New Jersey Combats The Drug Epidemic

“Liberty and prosperity” is the motto of the great state of New Jersey. While the state fashions a beautiful array of attractions such as its beaches, the infamous Atlantic City, Seaside heights, and over 50 resort cities and towns, it is also home to one of the fastest growing Opiate epidemic’s in the United States. As awareness rises all throughout the country, New Jersey is also seeing political action being taken to help combat the increasing problems that are being experienced by the many deaths that are occurring due to the crisis that is sweeping our nation by storm.

Earlier this year, Gov. Christie unveiled his plan to not only help battle the epidemic, but also to increase awareness regarding treatment options for those who are suffering from the disease of addiction. “I am ready to work with and listen to anyone with more ideas on how to address this issue,” Christie said.

“I am willing to accept ideas from any corner of this state, from any political party and from any level of government.” While Christie has not always been the most popular Governor, his words ring true. Earlier this year the CDC reported New Jersey as being one of the states where drug related deaths increased exponentially. On a national level, New Jersey saw a 16.4 percent increase in death increases related to drug use and a 22 percent increase from the previous year on a state level.

Declaring the epidemic, a public health crisis, Christi signed an executive order into law that grants him additional resources to battle the epidemic. The plan creates a task force, a panel consisting of eight people, on drug abuse that will devise different methods to help fight addiction. Changing regulations, amending statutes or recommending new laws are all possible solutions the bill is suggesting.

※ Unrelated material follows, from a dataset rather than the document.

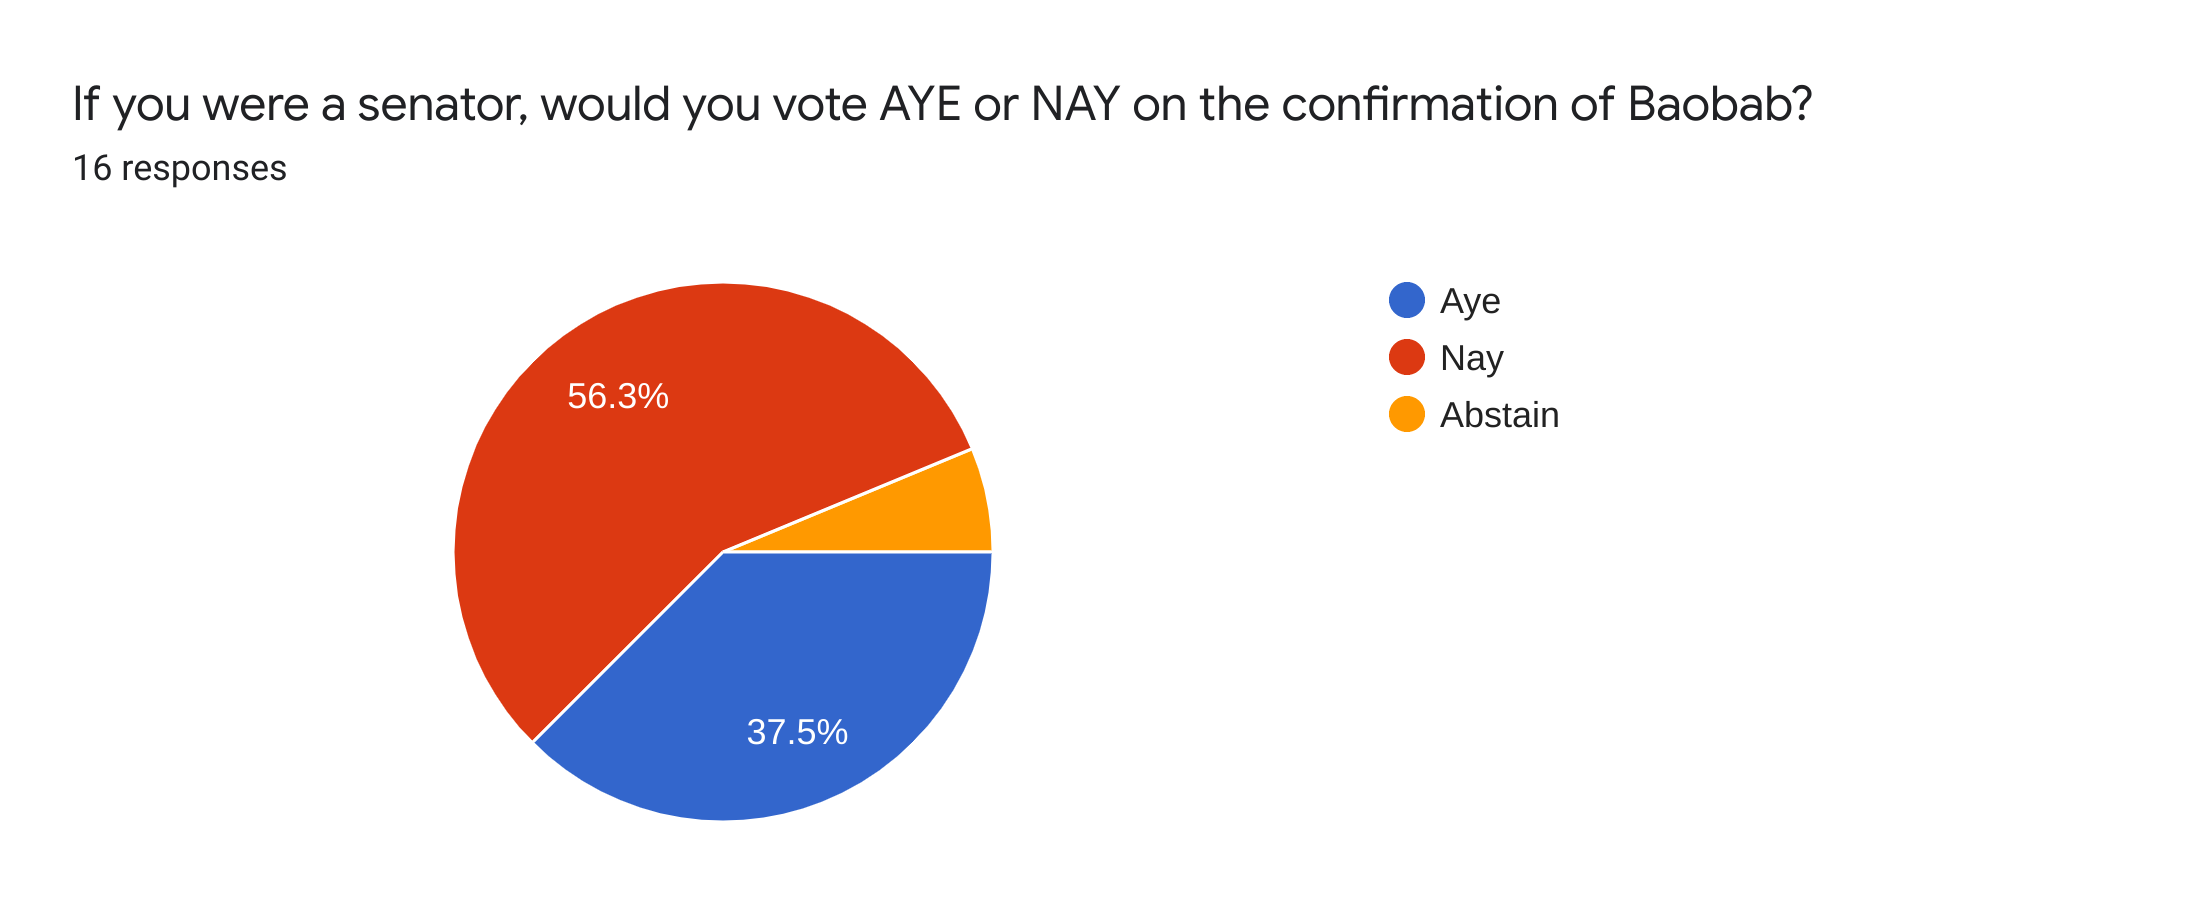 Forms response chart. Question title: If you were a senator, would you vote AYE or NAY on the confirmation of Baobab?. Number of responses: 16 responses.

The order also directs the state Attorney General to limit initial prescription of opioids and set guidelines so any additional prescriptions require further medical consultation, ensures 18- and 19-year-old with substance abuse problems can fill any vacancies in existing treatment facilities, and directs the state Commissioner of Education to develop a new curriculum for each grade that will teach students about the dangers of substance abuse.

“Addiction is a disease, not a moral failing.” Christie said to a room full of lawmakers earlier this year and let them know that he would not have the blood of New Jersians on his hands. He also plans to work with the Trump administration to help treatment centers revive more funding for facilities who have a limited number of beds. Christie plans to work with lawmakers to see this bill through and until we begin to see results.

Although this will not be an overnight task and there are still many things that can be done to help combat this sizable epidemic, it is a step in the right direction for the state of New Jersey and a move towards progress for the rest of the United States. New Jersey has joined many other states who are passing similar legislation in attempts to join the fight against addiction.